Юность дедов наших
Шрифт:
Василь даже поперхнулся от смеха, представив эту картину.
– Ладно. Раки хороши, – сказал Санька, поднимаясь и отряхивая колени, – время к вечеру, завтра дел много, нам с Василём разнарядка на кузню с утра.
Утром Санька и Василь вошли в кузню, там Пашка, крепкий, коренастый парень семнадцати годов, работал средним молотом по раскалённому зубцу от бороны, оттягивая заострённый конец.
– Здорово, братан, – поприветствовал его Василь, – а дед Наум где? Ты один здесь?

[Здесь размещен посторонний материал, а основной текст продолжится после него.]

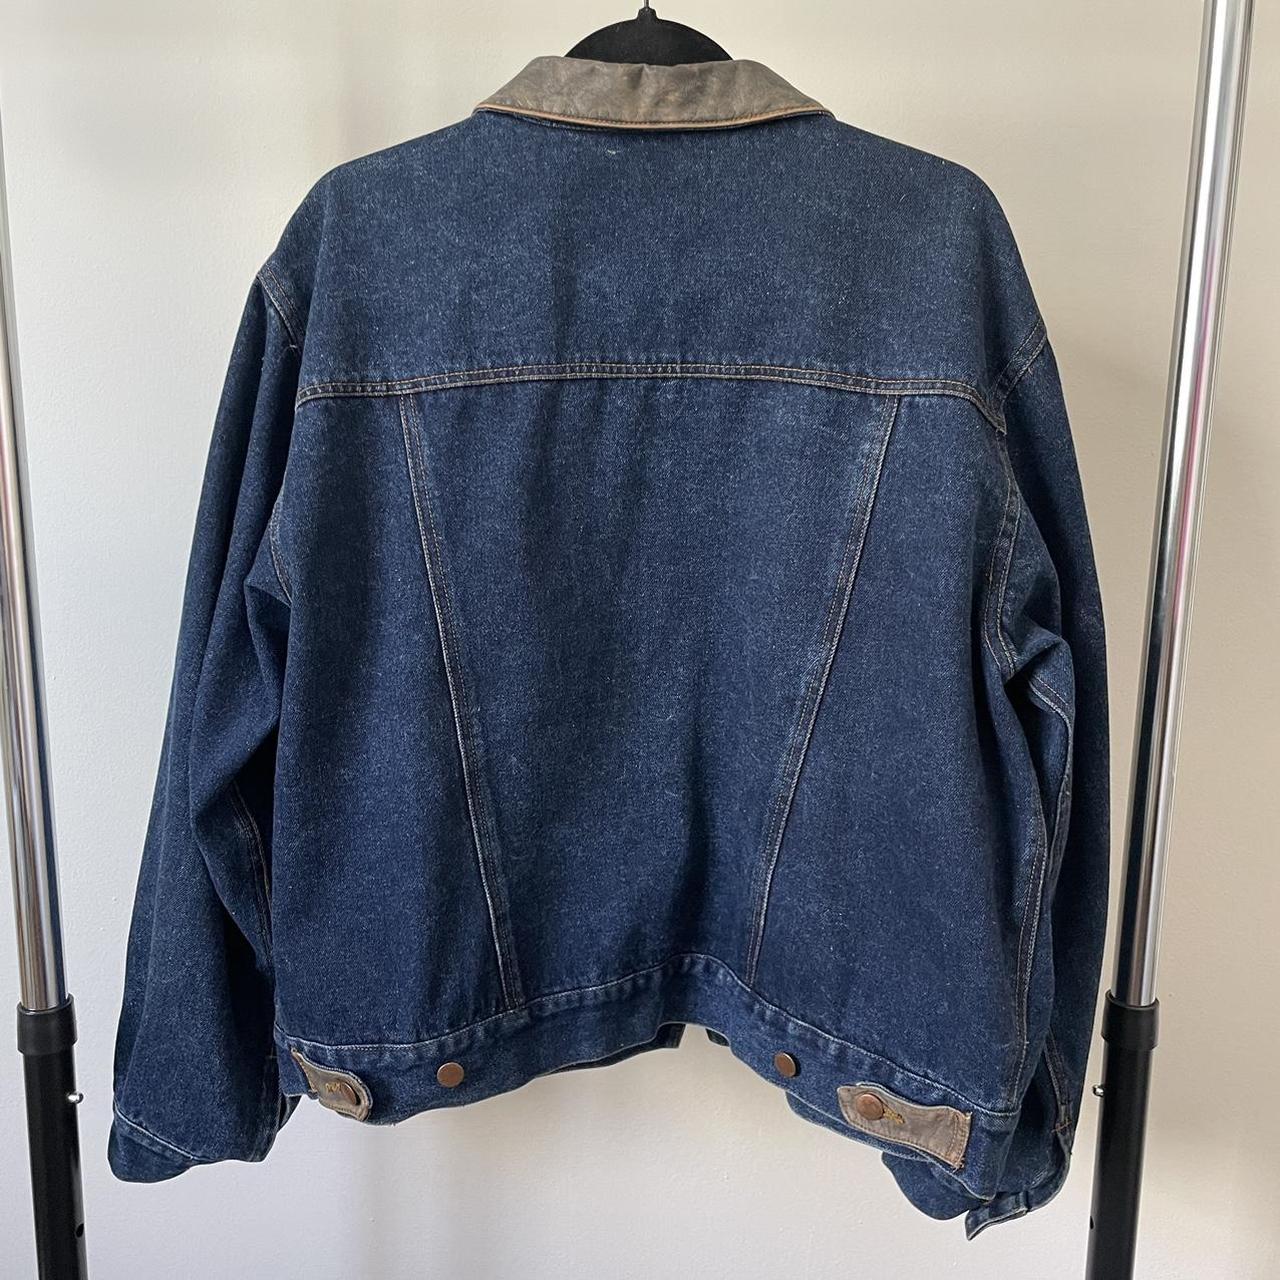 Vintage 80s denim and leather jacket. Size:... - Depop

Тот продолжал работу, не обращая внимания на вошедших, затем кинул
– Дед Наум на родину ушёл, – ответил он, подойдя к печи, взял из неё клещами очередную раскалённую заготовку и стал рассматривать.

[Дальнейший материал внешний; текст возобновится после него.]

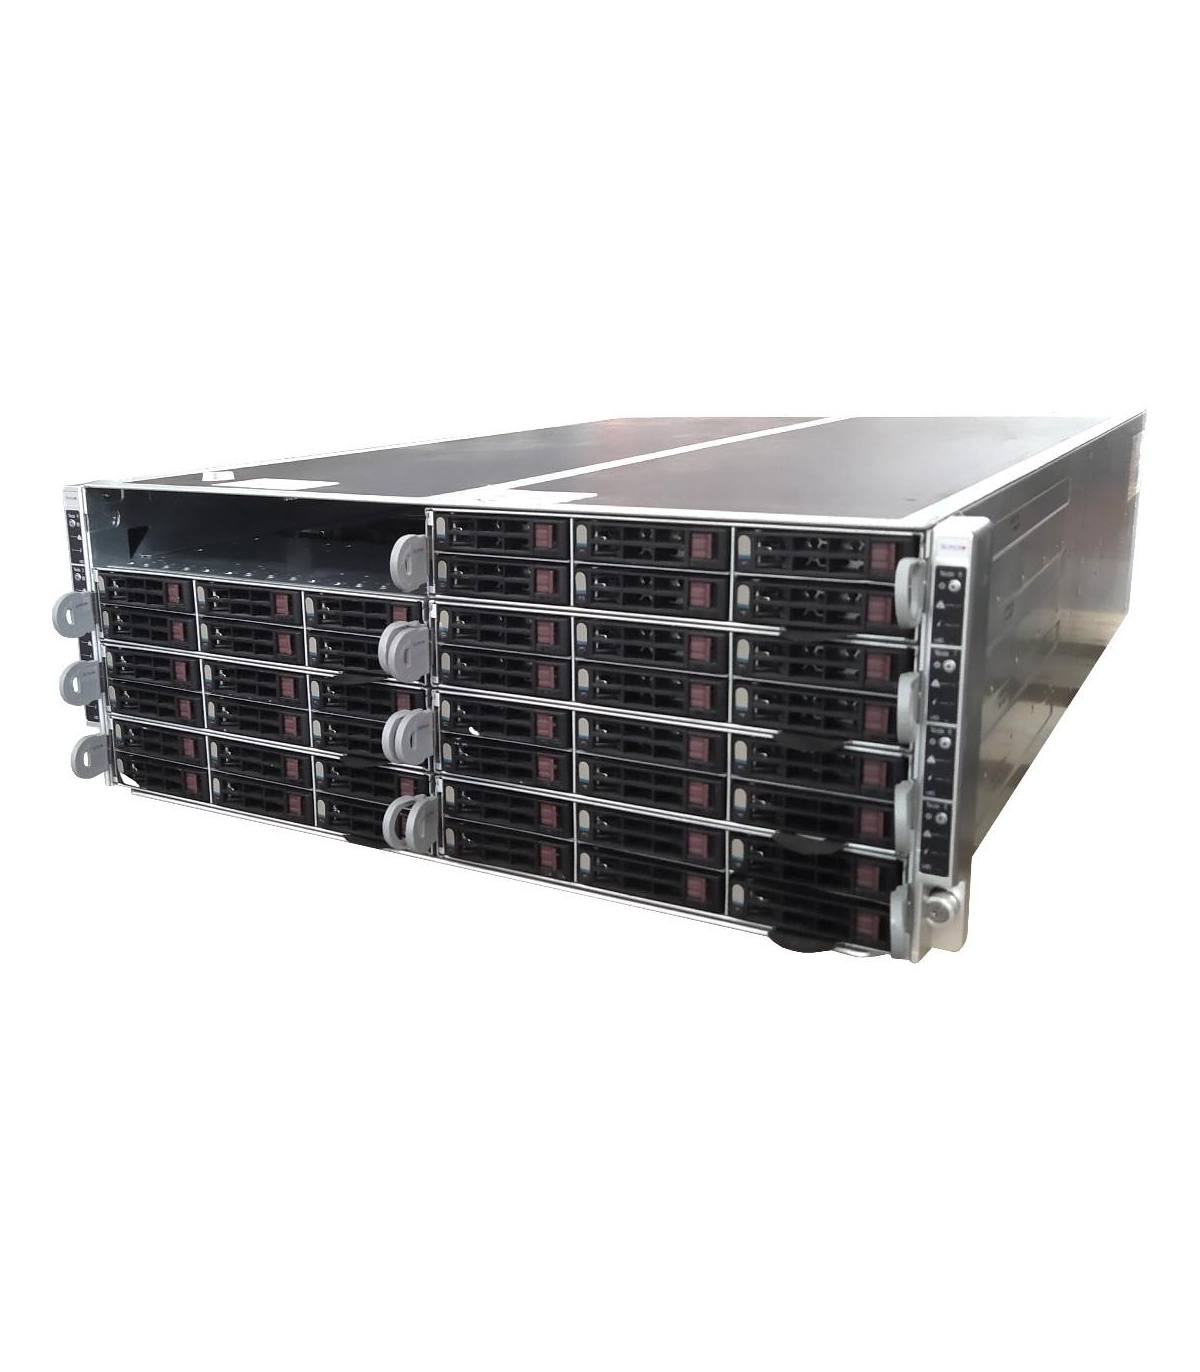 SUPERMICRO CSE-418 F617R2-R72 4X1620W + 7X X9DRFR NODE REV 2.00 2X6C E5-2620 2.00 GHz 16GB 6X2,5" IPMI

Санька в лёгком недоумении приблизился к Василю.
– На какую родину? Он же цыган у вас, – спросил он шёпотом.
Василь не успел ответить.
– В степь. Отдыхает он так, – Пашка воткнул заготовку обратно в угли и обернулся к пришедшим, вытирая руки о тряпочку, – он, когда устаёт от всех, берёт курицу и жарит её за селом на костре. Потом возвращается спокойный и дружелюбный. Бабушка шутит: на родину съездил.
Санька засмеялся.
– Чего ржёшь? Пойдёмте во двор, фронт работы обрисую.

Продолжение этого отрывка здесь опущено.